Travel 'Tude. It's the number one influence in the level of your travel enjoyment. Your attitude, that is. Here are five suggestions for getting the most enjoyment from your travels by adjusting the Travel 'Tude:

  1. Don't expect TSA to make any exceptions for you. Plan ahead and have that 3-1-1 bag properly equipped. Don't leave anything in your carry-on that is questionable. If you're unsure, check against the list at the TSA site.

  2. Expect to meet harried airline personnel when there are delays because of weather or holiday travel. Be sympathetic in your approach if you have a problem to be solved. Momma always said you can attract more bees with honey than vinegar.

  3. Don't expect your hotel room to be ready before the appointed time. Then you can be pleasantly surprised if it is.

  4. Don't expect good service if you are not courteous or you are demanding. This goes back to that honey thing of Momma's. Oh, and there's that Golden Rule thing you learned in kindergarten.

  5. Expect that you will have to be flexible with some parts of your planned trip. It is rare that everything will work out perfectly according to plan. Take an umbrella, for instance. The weather seldom considers your plans.

These are only a few things but I think it's enough to get the idea. It's all about expectations and how we treat the people who are there to provide services for us. On our last trip, we stayed overnight at a hotel on our way home. We arrived a few hours before the advertised time that our room would be available. It was obvious when we entered the lobby that they were swamped with guests leaving and arriving. When we went to the desk, the hotel clerk apologized for the wait even though we were early.

"No problem," I said. "Looks like you've had a busy morning."

"We were full last night," she said madly clicking keys to pull up our reservation. "Did you want a room with a view? It's $100 extra."

Now we had reserved our room on reward points and were not looking to pay extra.

"No," we said. "Just whatever's available, whenever it's ready. We'll just go and enjoy the fresh air by the pool for a while."

She stopped her clicking and stared at us. "Wow. I wish everyone could have that attitude. It would sure make my job more pleasant. I'll call you when your room is ready."

An hour later, Bob cell rang. We checked in. A nice view. No charge. It's all about Travel 'Tude.

Tuesday, April 21, 2009

Safari Anyone?

The weekend's visit to the Cleveland Metroparks Zoo got me to thinking more about that safari on my "bucket list." So I spent (make that wasted) a couple hours surfing sites and learning about options for taking a safari.

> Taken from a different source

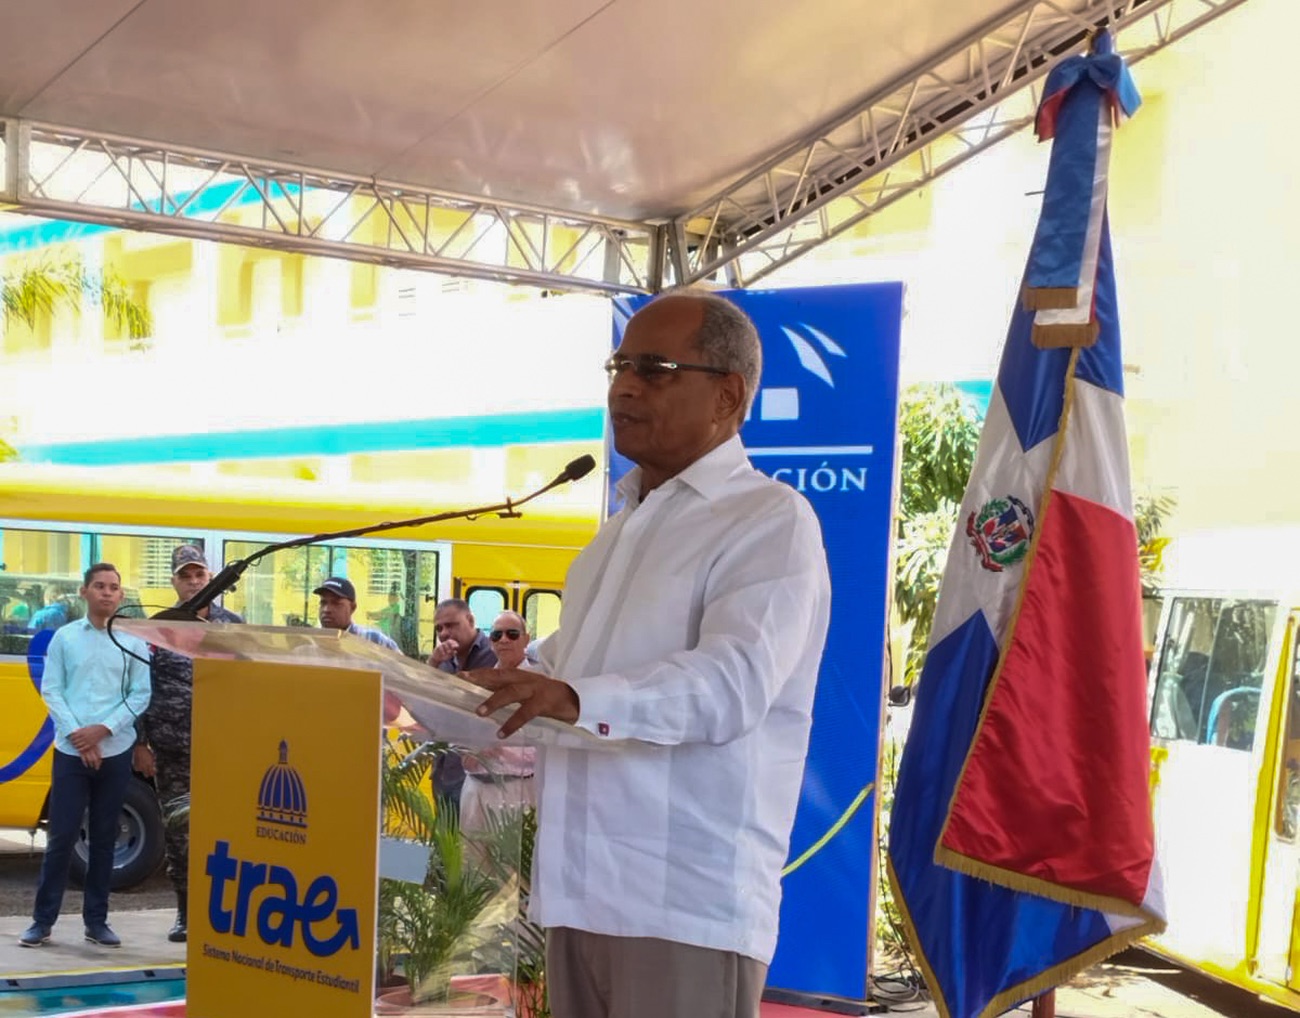 REPÚBLICA DOMINICANA: Director de Trae presentará avances del Sistema de Transporte Estudiantil en evento internacional

I found two very interesting places on the web. The first is called the Paperbark Bush Retreat. It came highly recommended on Tripadvisor from the people who wrote reviews there. It is in South Africa between Johannesburg and Kruger National Park. Relatively new, it is owned by Lambert and Shelly Van der Nest who developed it in 2006/7. Carol and Will Fox, the hosts, were highly complimented on their hospitality by reviewers. The retreat is also a part of the Leutla Conservancy which is involved with the study of leopards. Bush walks, night drives, and activities associated with the leopard studies are all a part of the package. Back on Track Safari leads the treks into the parks.

The other place I found was the Shamwari Game Reserve. There were several choices of places to stay there. All looked very inviting and offered treks into the African parks to see the big five: elephants, rhinos, buffalo, lion and leopard). Again, this place was highly recommended on Tripadvisor as well.

If you take a look at the places I've mentioned, you'll see that I'm not looking to camp out. I gave that up way back in my Girl Scout days. I prefer indoor plumbing and relatively sturdy walls. One of the other choices we've considered is a cruise that ends/begins somewhere there is an opportunity to do a pre/post cruise safari. Unfortunately, due to piracy and unrest I'm guessing, many of the destinations for cruise ships have been abandoned for the time being. If we sign up for the 80 day leg of the Queen Mary 2 world cruise though, we could stop in Cape Town.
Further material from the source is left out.